UCD to lead new research consortium

UCD lead new research consortium

University College Dublin to Lead New International Research Consortium to Accelerate the Development of Cancer and Ophthalmic Treatments

€945,000 funding over 4-years through Horizon 2020 programme
Industry-academia research consortium will enhance intersectoral and transnational cooperation

Dublin, Ireland, 1 February 2017, University College Dublin (UCD) today announced that it is leading a new international industry-academia consortium to accelerate the development of therapeutic interventions for cancer and eye disease through enhanced intersectoral and transnational research cooperation.

The consortium is bringing together a unique group of microbiologists, cancer biologists, chemists, material scientists, mechanical engineers, ocular pharmacologists, geneticists and toxicologists from 9 academic and 9 non-academic partner organisations in 7 countries.

Through staff exchanges of periods ranging from 1 month to 1 year, participants will learn new skills, share knowledge and have the opportunity to work on joint research and innovation projects in oncology and ophthalmology in academic and commercial institutions across Europe. The aim is to accelerate the development of therapeutic interventions for oncology and ophthalmology.

The Drug Discovery and Delivery Network for Oncology and Eye Therapeutics (3D-NEONET) consortium has been awarded €945,000, over 4 years, under the European Union’s Horizon 2020 programme, Marie Skłodowska-Curie Research and Innovation Staff Exchange (MSCA-RISE).

Dr Breandán Kennedy, Associate Professor in the UCD School of Biomolecular and Biomedical Science and a Fellow
of the UCD Conway Institute will lead the 3D-NEO-NET consortium.

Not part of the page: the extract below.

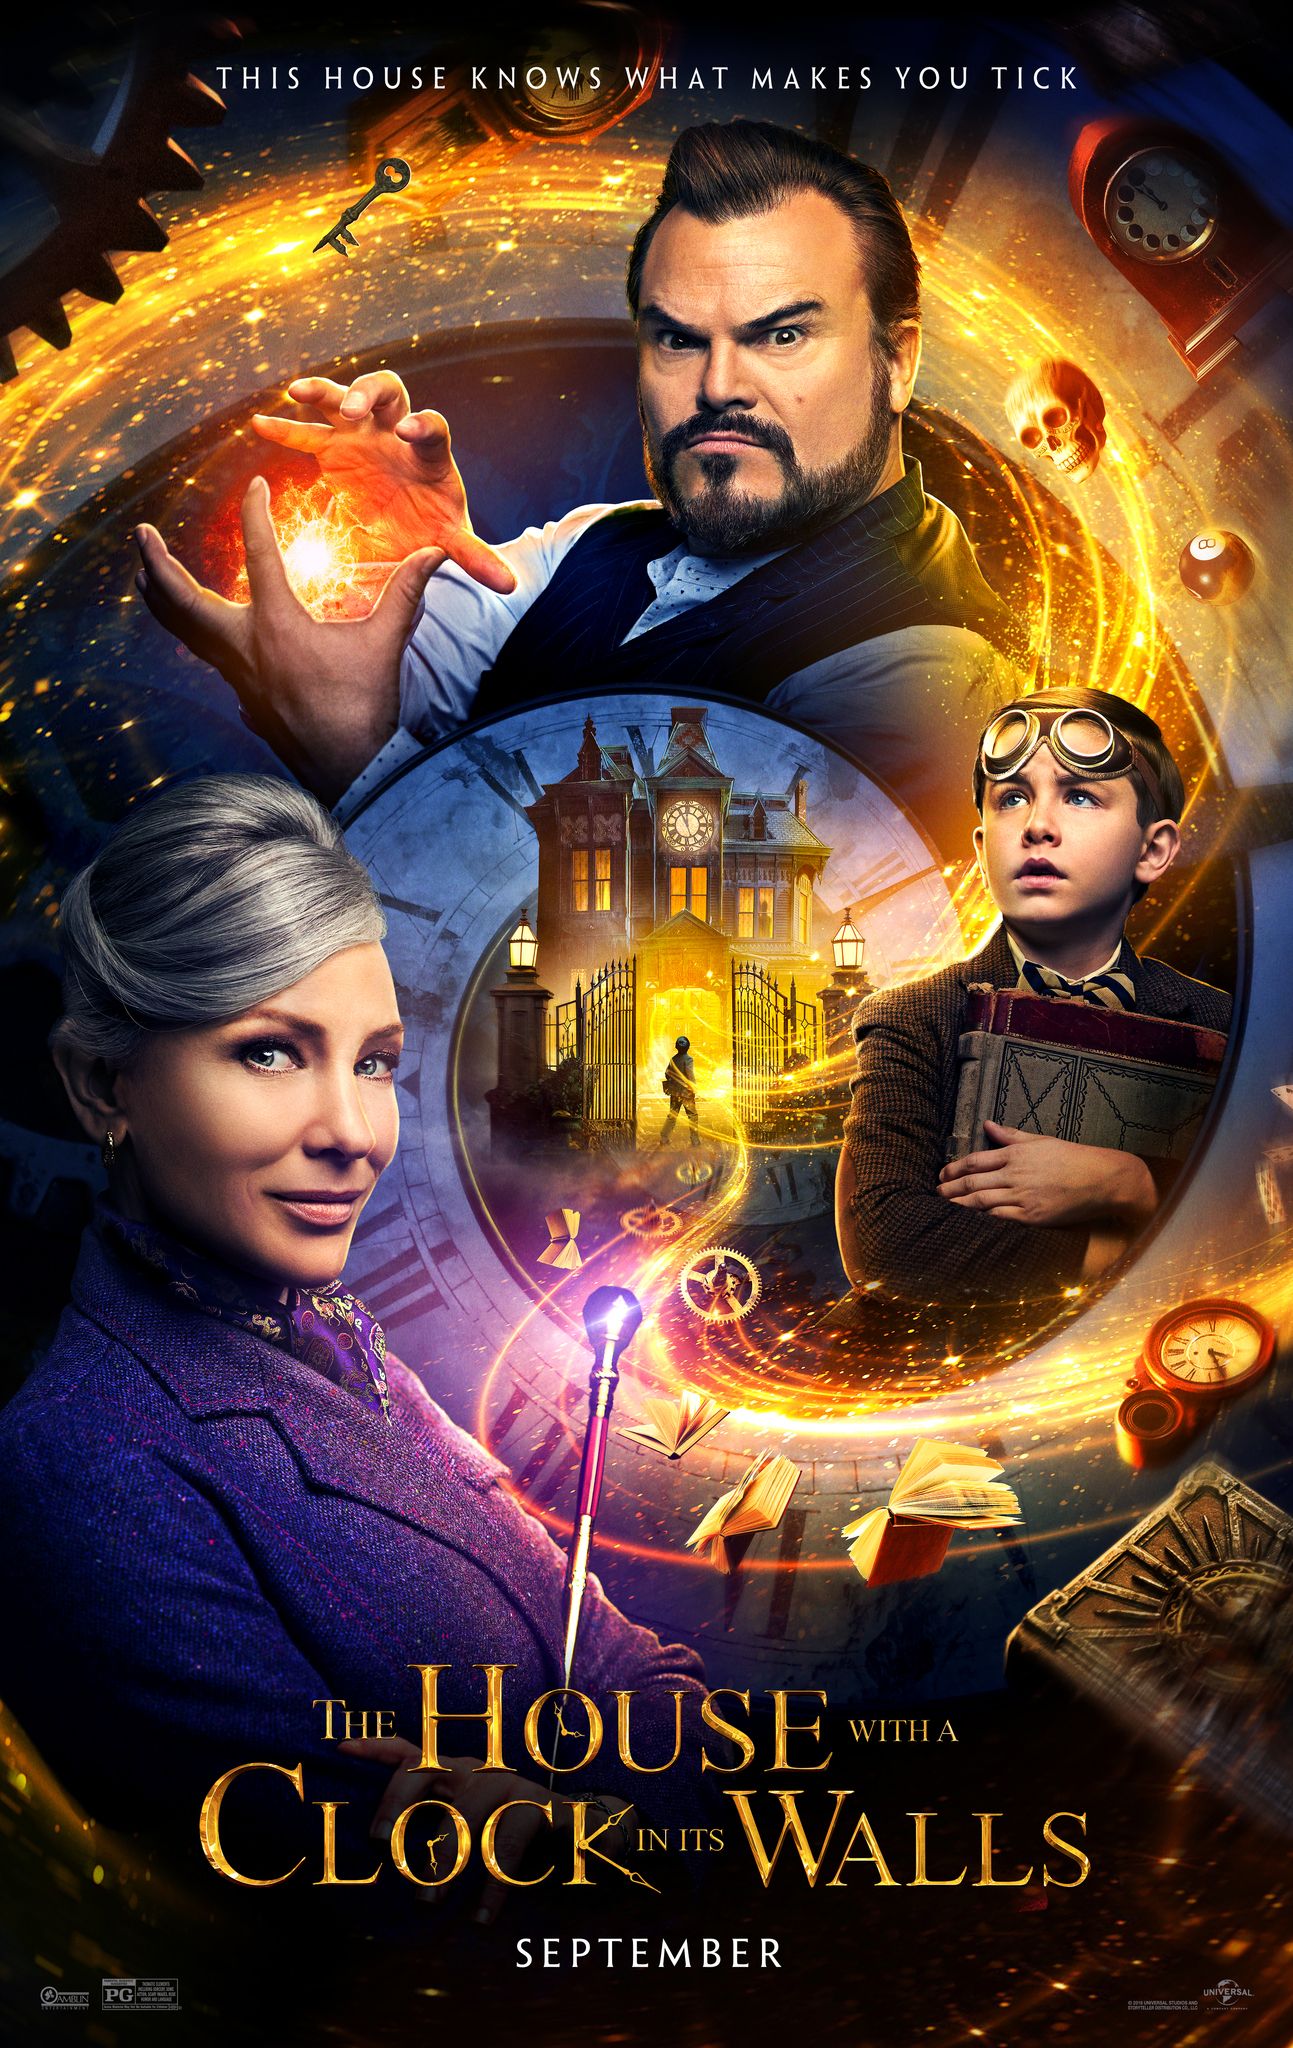 The House with a Clock in Its Walls (2018) English BluRay download full movie
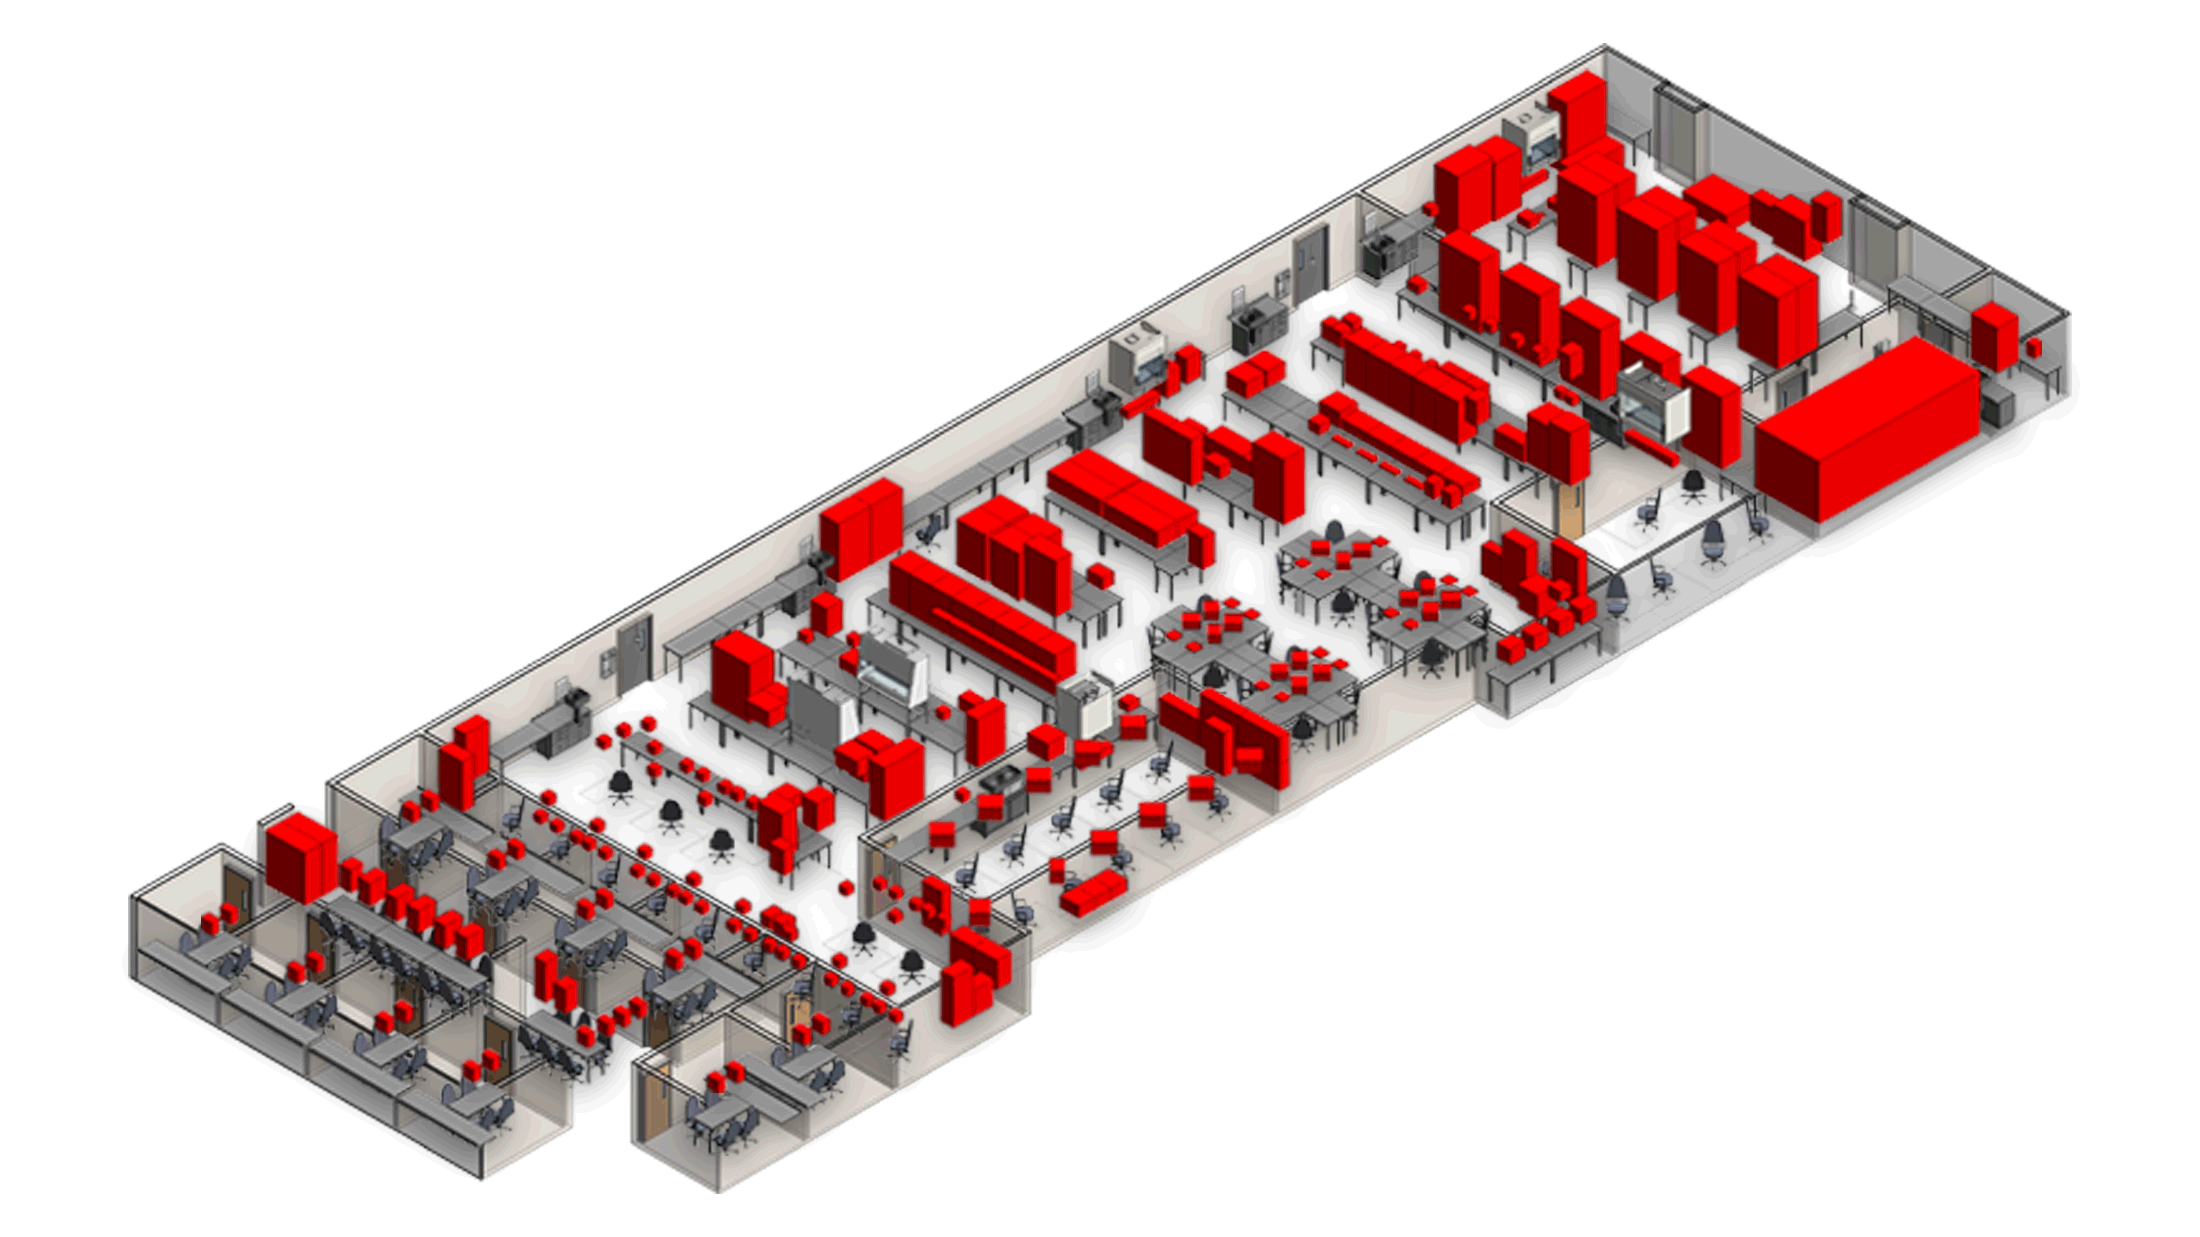 a drawing of an axonometric floor plan of a laboratory building concept with details in red and gray

Dr Kennedy said, “Through 3D-NEONET, we will address key challenges facing research and innovation in Europe today. University graduates can struggle to transit smoothly into industry employment; research SMEs may have limited capacity to capitalise on new technology or find suitably experienced staff; and there is often unnecessary duplication of resources across Europe due to individual institutions working in isolation.”
He added, “This programme is a fantastic opportunity to enhance career development, facilitate knowledge sharing and enable new skills acquisition. Ultimately, this will form a sustainable network of academics and SMEs who can collectively overcome obstacles in the development of therapeutics for oncology and ophthalmology.”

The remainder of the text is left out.